On Wed, Oct 4, 2017 at 3:46 PM, Anthony Youngman
<antlists@youngman.org.uk> wrote:
> On 04/10/17 20:09, Curt wrote:
>>
>> Ok, thanks.
>>
>> I'm pretty sure I'll be able to DD from at least one of the failed
>> drives, as I could still query them before I yanked them.  Assuming I
>> can DD one of the old drives to one of my new ones.
>>
>> I'd DDrescue old to new drive. Then do an assemble for force, with a
>> mix of the dd drives and my old good ones? So if sda/b are new DD'd
>> drives and sdc/d/e are hosed grow drives, I'd do an assemble force
>> revert-reshape /dev/md127 sda sdb sdc sdd and sde? Then assemble can
>> use my info from the DD drives to assemble the array back to 7 drives?
>>   Did I understand that right?
>
>
> This sounds like you need to take a great big step backwards, and make sure
> you understand EXACTLY what is going on. We have a mix of good drives,
> copies of bad drives, and an array that doesn't know whether it is supposed
> to have 7 or 9 drives. One wrong step and your array will be toast.
>
> You want ALL FOUR KNOWN GOOD DRIVES. You want JUST ONE ddrescue'd drive.
>
> But I think the first thing we need to do, is to wait for an expert like
> Phil to chime in and sort out that reshape. Your four good drives all think
> they are part of a 9-drive array. Your first two drives to fail think they
> are part of a 7-drive array. Does the third drive think it's part of a
> 7-drive or 9-drive array?
>
> Can you do a --examine on this drive? I suspect the grow blew up because it
> couldn't access this drive. I this drive thinks it is part of a 7-drive
> array, we have a bit of a problem on our hands.
>
> I'm hoping it thinks it's part of a 9-drive array - I think we may be able
> to get out of this ...
>>
>>
>> Oh and how can I tell if I have a timeout mismatch.  They should be raid
>> drives.
>
>
> smartctl -x /dev/sdX
>
> This will give you both the sort of drive you have - yes if it's in a
> datacentre chances are it is a raid drive - and then search the output for
> Error Recovery Control. This is from my hard drive...
>
> SCT capabilities:              (0x003f) SCT Status supported.
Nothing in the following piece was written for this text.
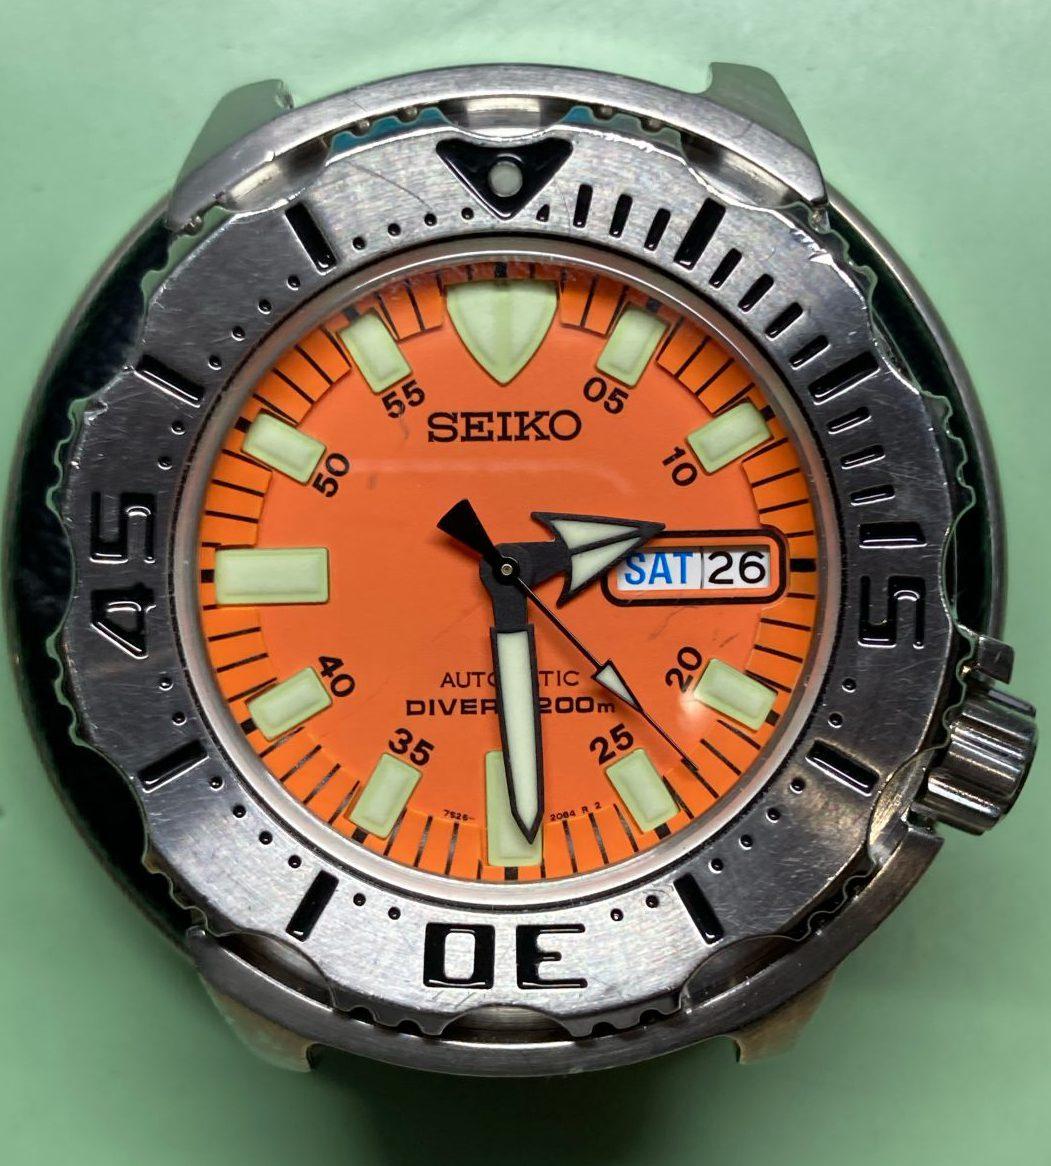 SEIKO 7S26-0350  ダイバーズウォッチ 新潟市にある時計修理工房ではオーバーホール、ポリッシュ加工も承っております

>                                         SCT Error Recovery Control
> supported.
>                                         SCT Feature Control supported.
>                                         SCT Data Table supported.
>
> You need error recovery to be supported. If it isn't ...
>
>>
>> Cheers,
>> Curt
>
>
> Cheers,
> Wol